Source data>
------------------------------
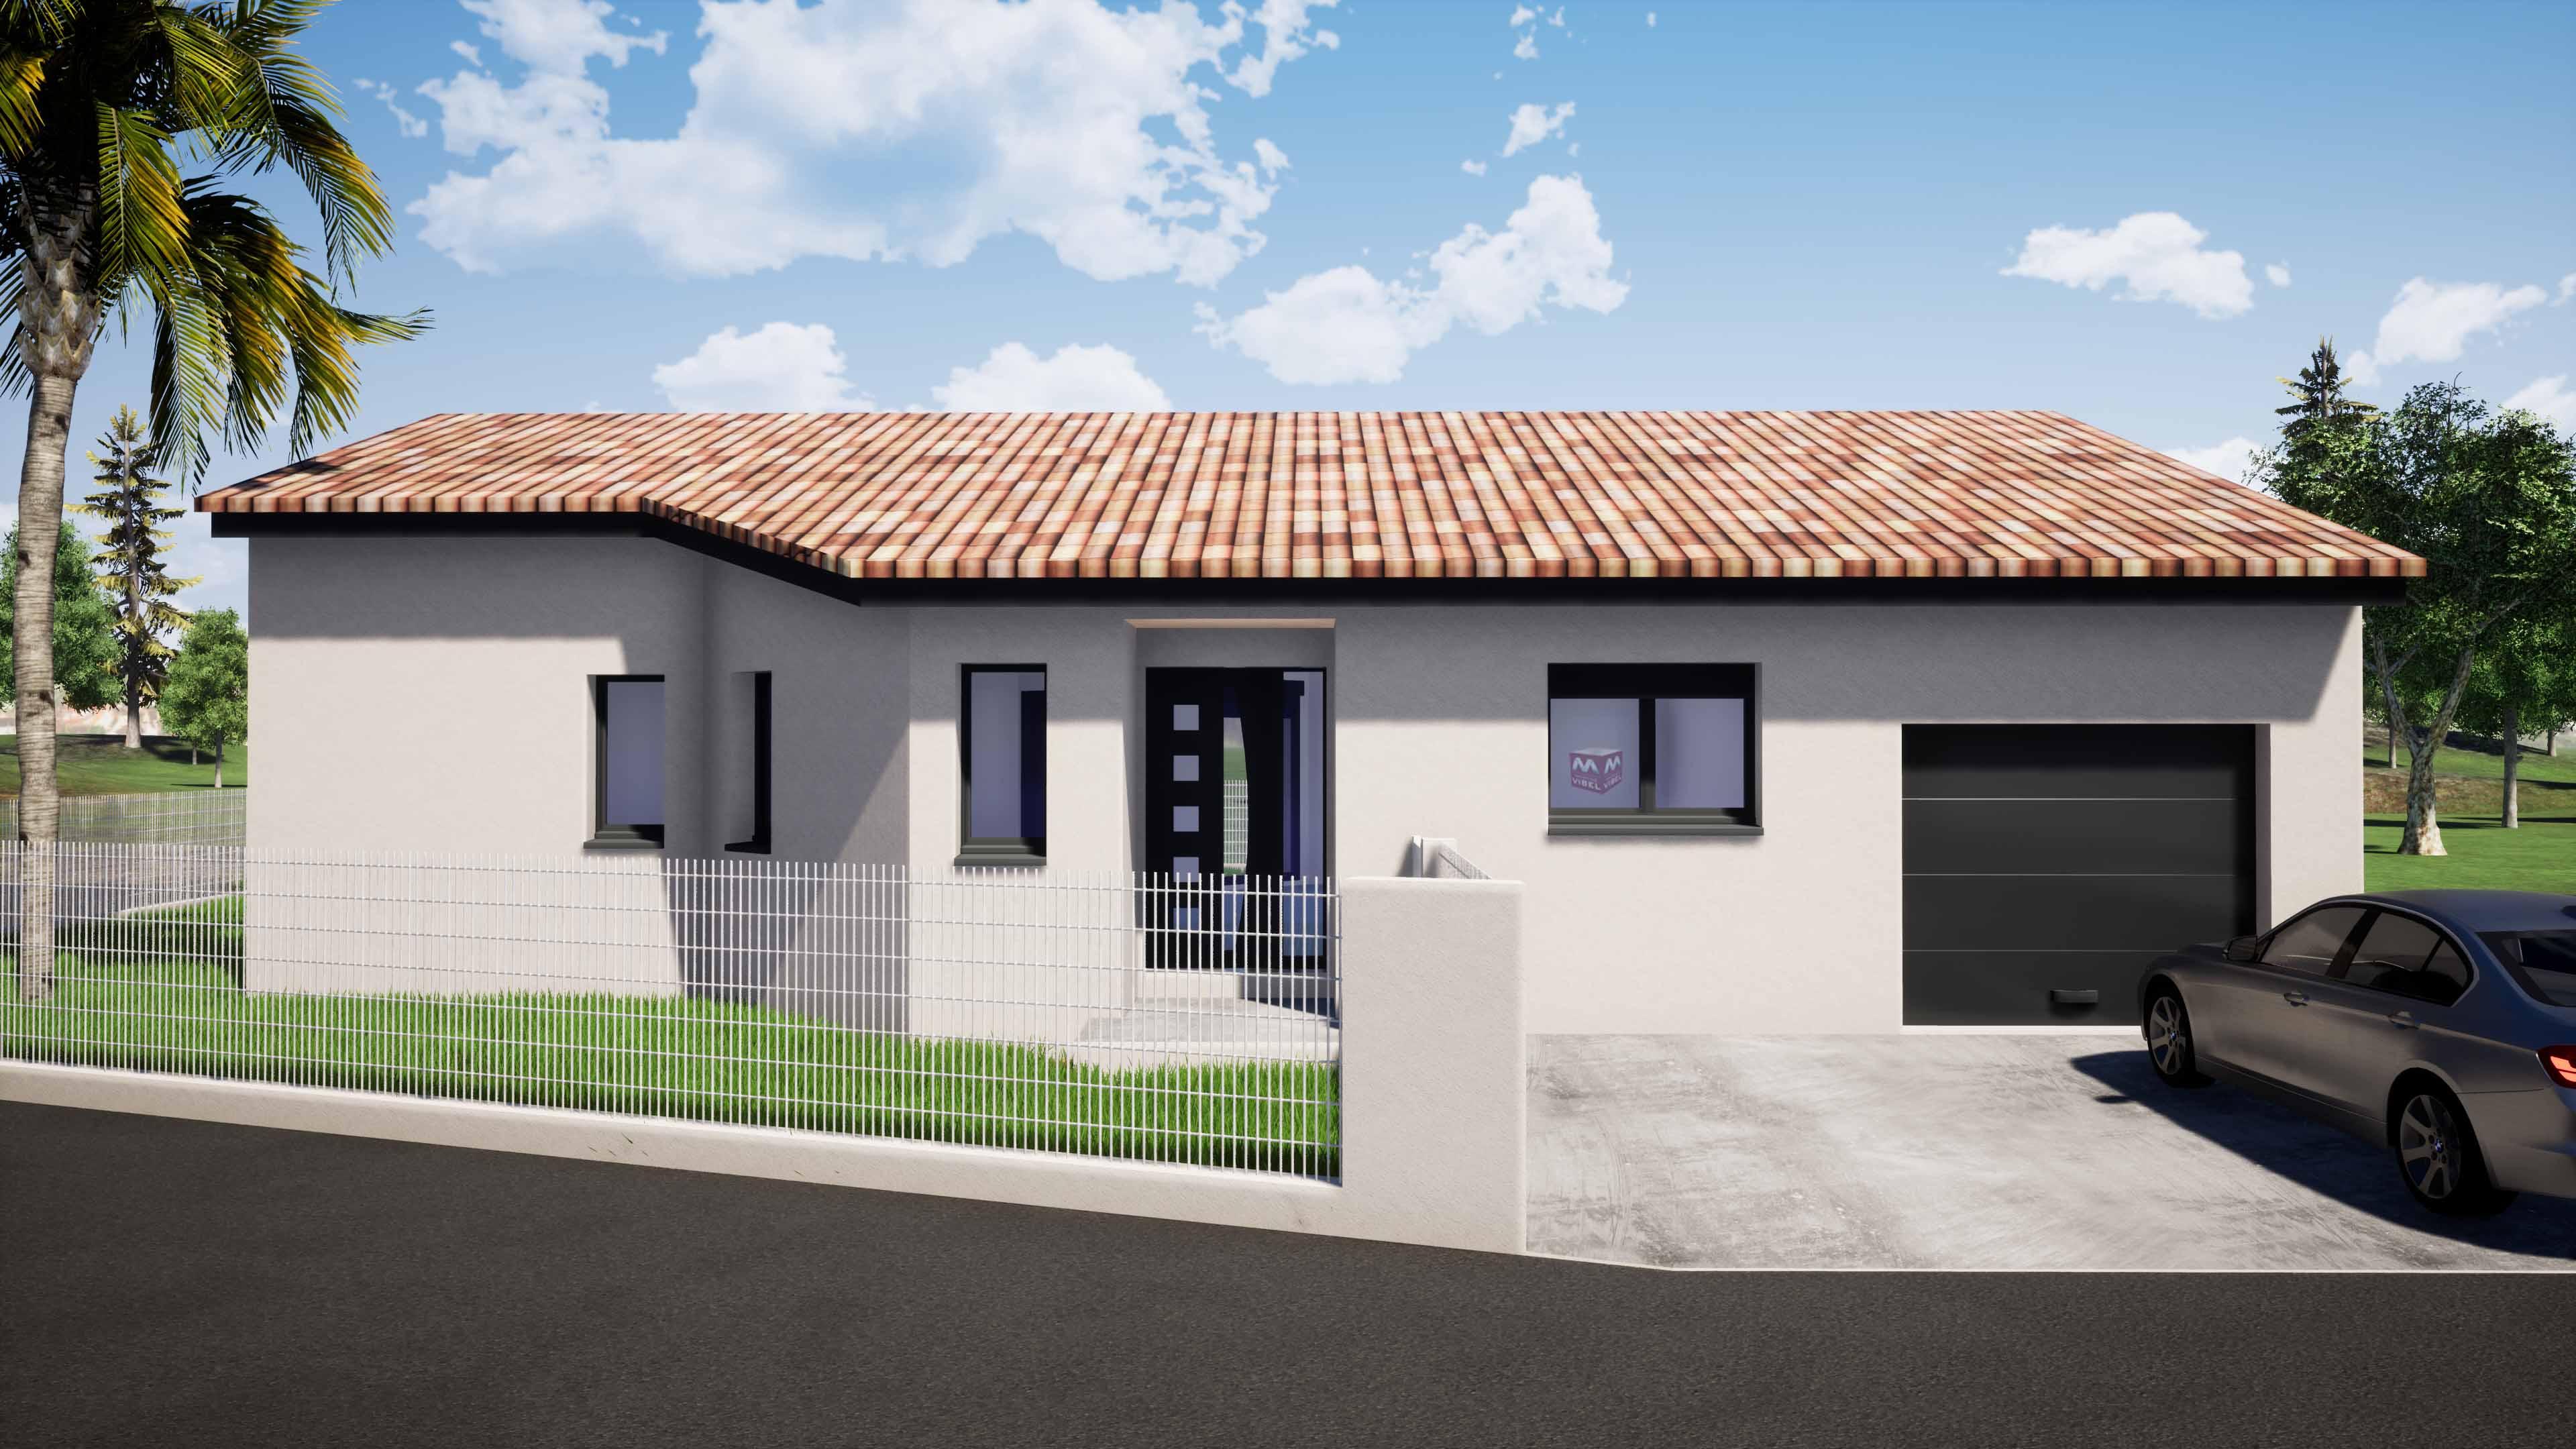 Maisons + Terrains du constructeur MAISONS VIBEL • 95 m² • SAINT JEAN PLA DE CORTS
------------------------------
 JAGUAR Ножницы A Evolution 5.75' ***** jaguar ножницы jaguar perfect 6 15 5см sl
------------------------------
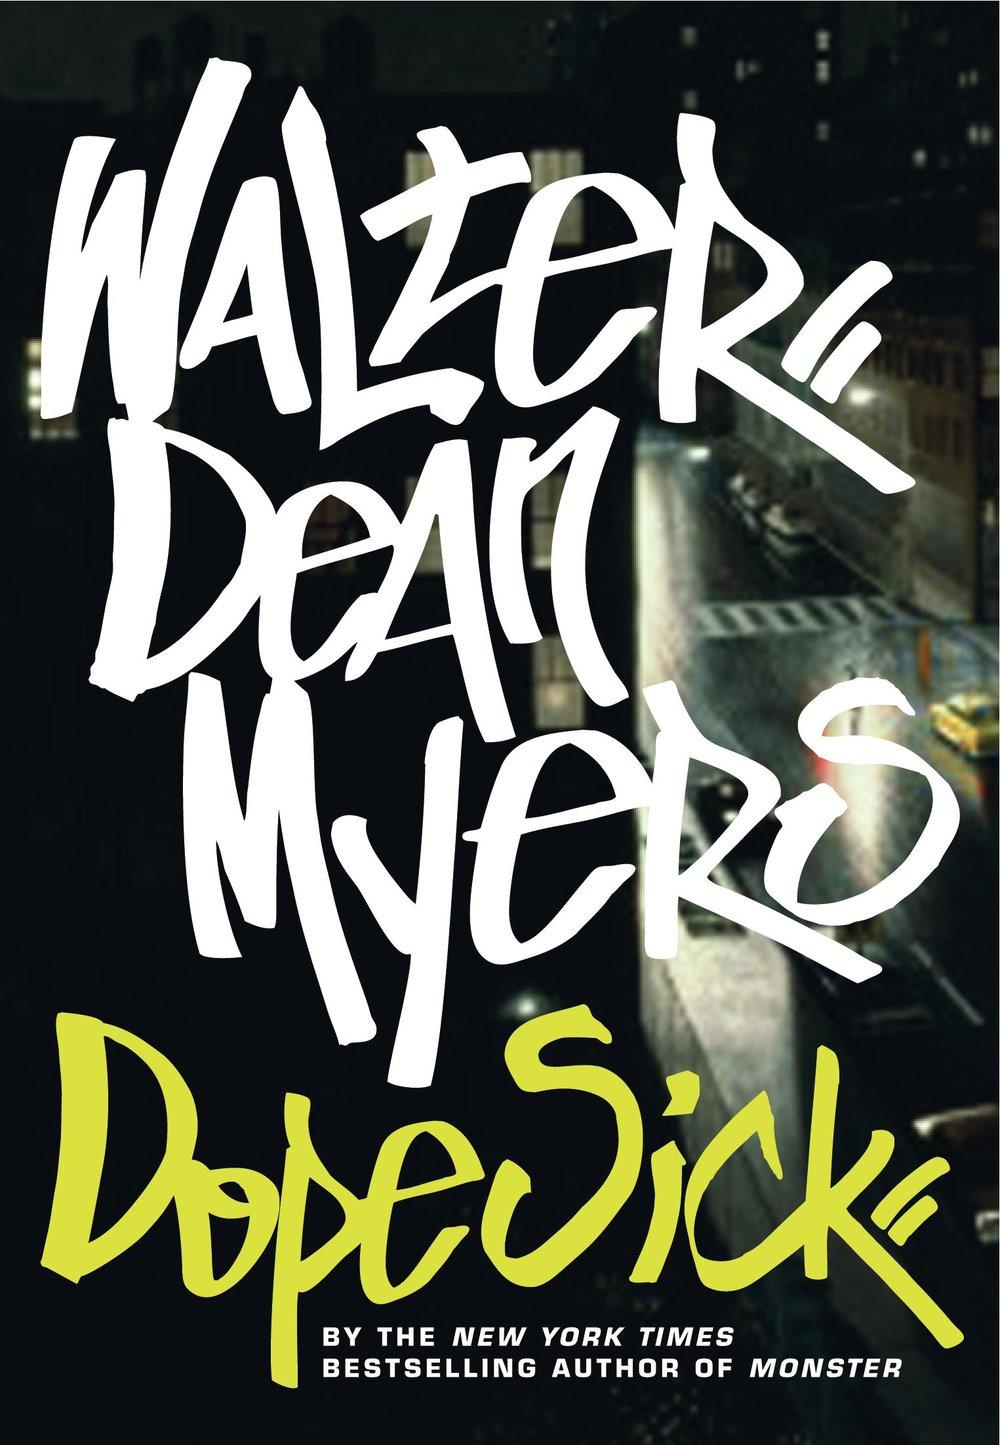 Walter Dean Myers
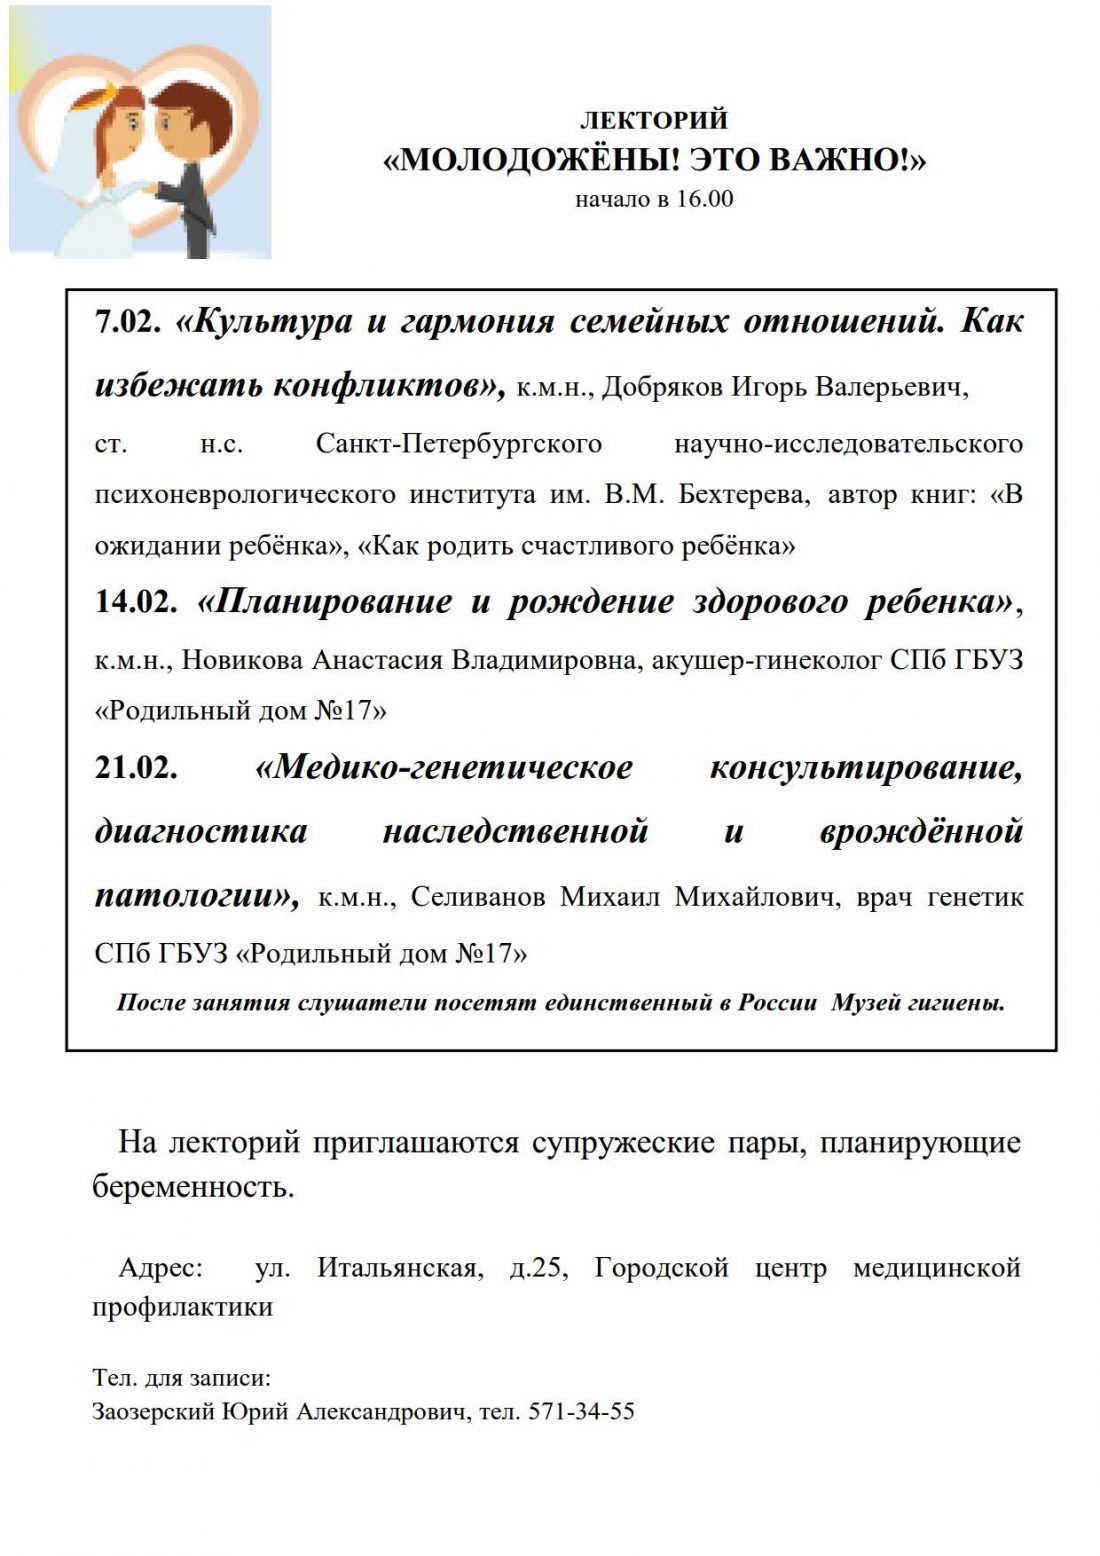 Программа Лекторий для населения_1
------------------------------
Go back to the listing above and write out the lines starting at the one with "Walter Dean Myers" and ending at the one with "Программа Лекторий для населения_1", inclusive, exactly and without pictures.

 Walter Dean Myers
 Программа Лекторий для населения_1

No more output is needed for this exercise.